A few other caveats:

  1. Displacement the displacement of the topic byKafkaThe inside of theCoordinatorTo manage

Rebalance

  • First, meaning:

It is essentially a protocol that specifies how all consumers in a Consumer Group agree to allocate each partition under a subscription Topic.

So when does the Consumer Group make Rebalance? There are three trigger conditions:

  1. The number of Consumer instances in the group has changed: new additions/previous exits (finished consumption)
  2. The number of group topics has changed:consumer.subscribe(Pattern.compile("t.*c"))If a topic is consumed in a regular manner and new topics are added, then the group needs to assign more partitions to the consumer Instance for consumption
  3. The number of partitions in the group topic changed. Procedure
  • What are the performance issues?
  1. Rebalance is similar to STW. All Consumer instances in the current group stop consuming and wait for the process to complete
  2. This process requires all consumers to participate in and reassign all partitions. In this way, consumers’ TCP connections to the Broker on which these partitions reside can continue to be used without having to recreate Socket resources to connect to other brokers.
  3. The whole process is slow, slow. This is the key, how to combine [1] is even more so

In the Rebalance process, all Comsumer instances in the same Consumer Group work together to allocate partitions with the help of a Coordinator component. However, none of the instances can consume messages during the entire process, which has a significant impact on Comsumer TPS.

Coordinator: A Coordinator that works for a Consumer Group is responsible for shift submission and Consumer Instance management in the Group. It also provides Consumer Rebalance.

Coordinator

When each Broker is started, a Coordinator component is created and started.
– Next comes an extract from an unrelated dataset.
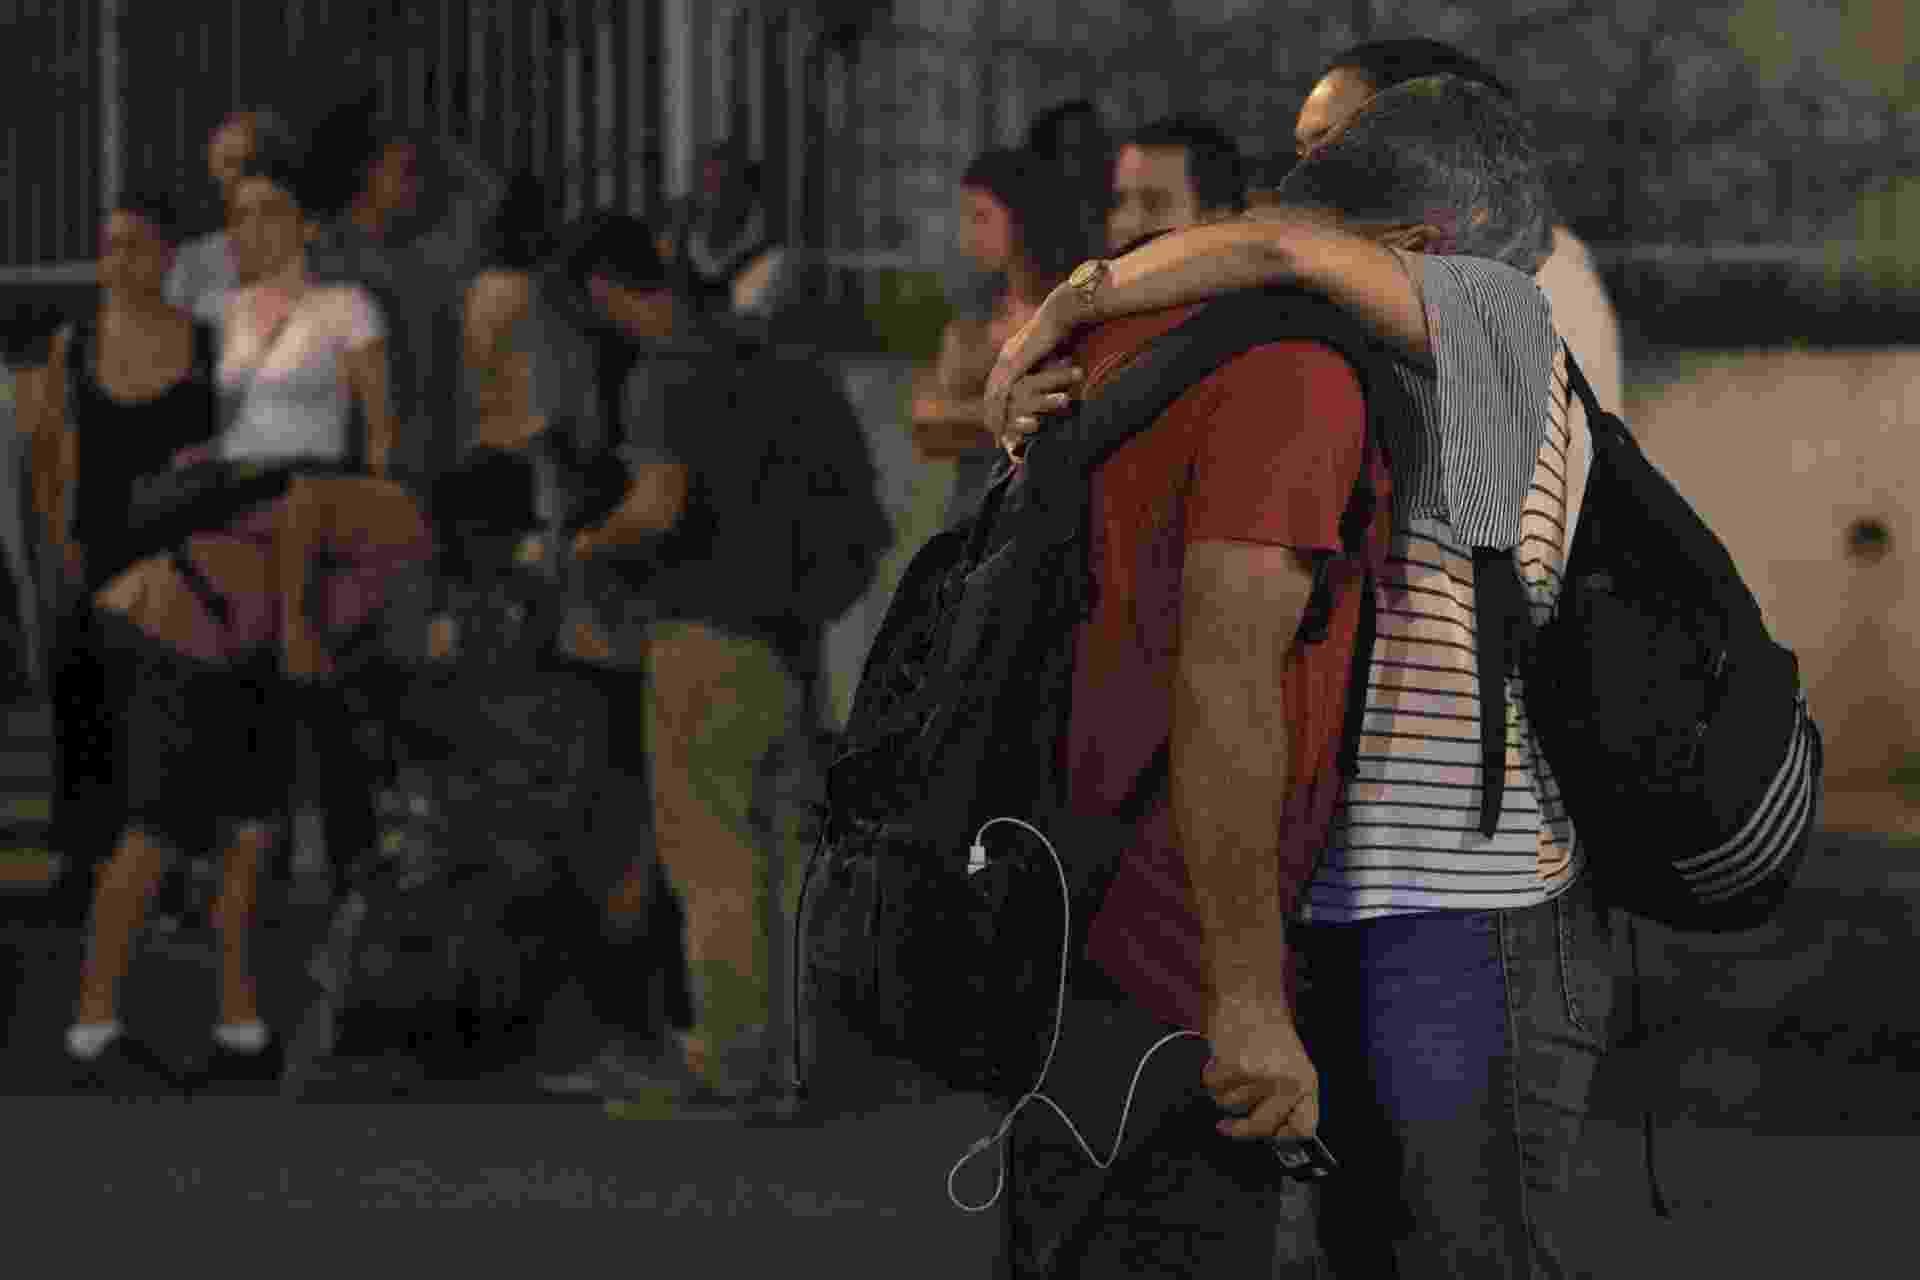 15.mar.2018 - Amigos e parentes da vereadora Marielle Franco (PSOL) se consolam no local onde a parlamentar foi assassinada a tiros no bairro do Estácio, no Rio de Janeiro, na noite da quarta-feira (14). Ela foi morta quando voltava de um evento na Lapa, centro do Rio - Mauro Pimentel/AFP
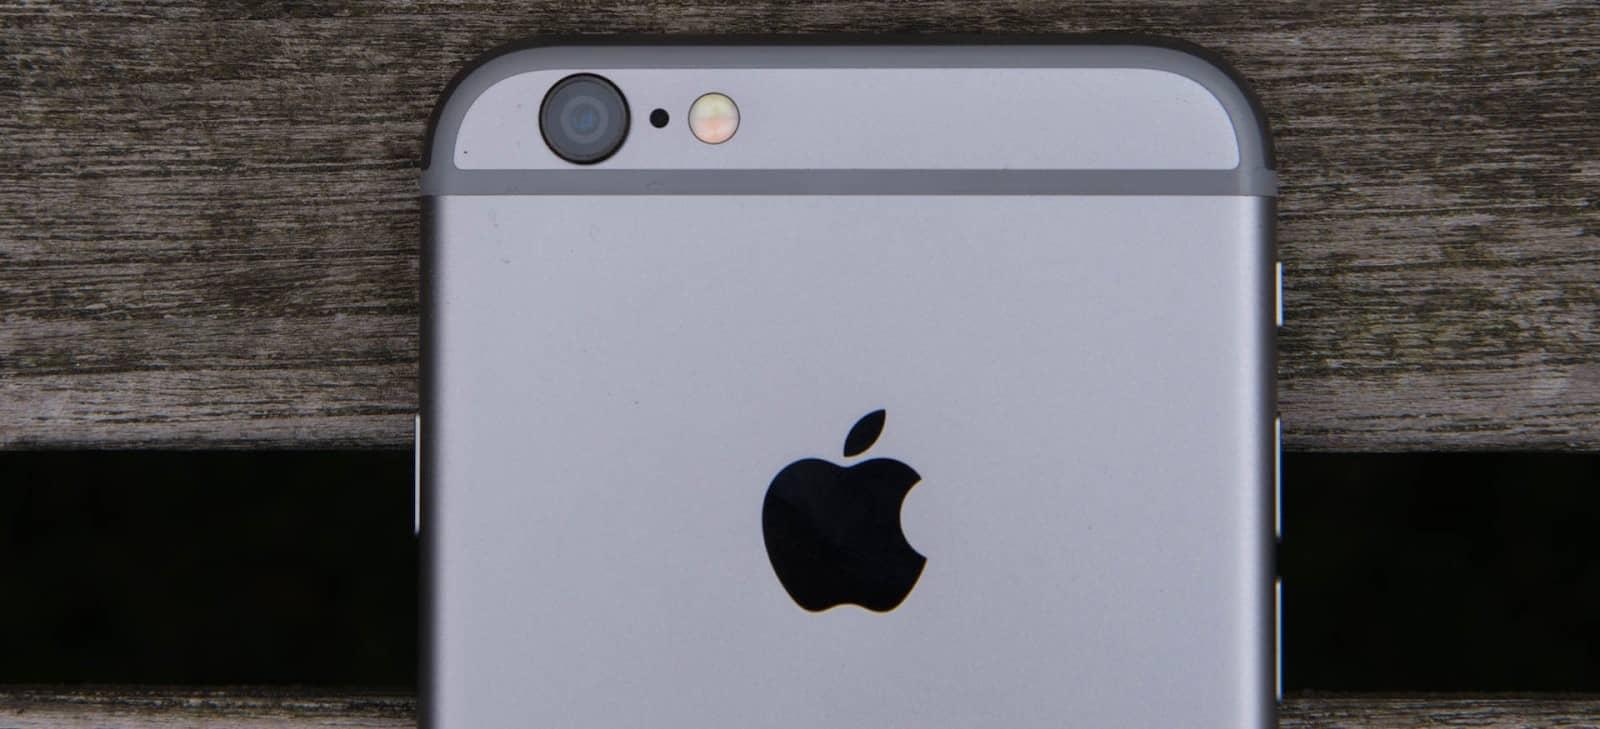 đánh giá về điện thoại iphone 6 chuẩn nhất

How does a Consumer Group identify its Coordinator? Which broker does the consumption message correspond to? There are two main steps:

  1. in__consumer_offsetsIn the calculationpartitionId=Math.abs(groupId.hashCode() % offsetsTopicPartitionCount), through theConsummer Group groupIdHash, and then 50 (default__consumer_offsetsNumber of partitions) mod, calculatepartitionId
  2. According to the last steppartitionIdFor example, 15 corresponds to__consumer_offsetsPartition 15, and then find partition 15leaderWhere is abrokerI know the correspondingCoordinator

In fact, the above is to help us developers to determine, problems can be quickly identified problem nodes. But when it’s actually run, Kafka confirms it automatically.

Then let’s solve the Rebalance problem above. Unfortunately, it can’t be solved, but it can be avoided as far as possible. All go back to the three scenarios raised previously:

  1. The number of group members changes
  2. The topic to which the group subscribed has changed
  3. Topic changes within a partition

Changes to the subscription itself are almost operational: business needs to scale, consumption rates, etc. Rebalance is basically all about changing the number of members in a group.

This usually happens when we add a Consummer Instance to an existing group_id, so we start a consumer application ourselves. The Coordinator then accepts the new instance, adds it to the group, and reassigns partitions.

That’s where all the problems start. This is also normal, in fact, can be avoided, you can take multithreaded (coroutine) consumption.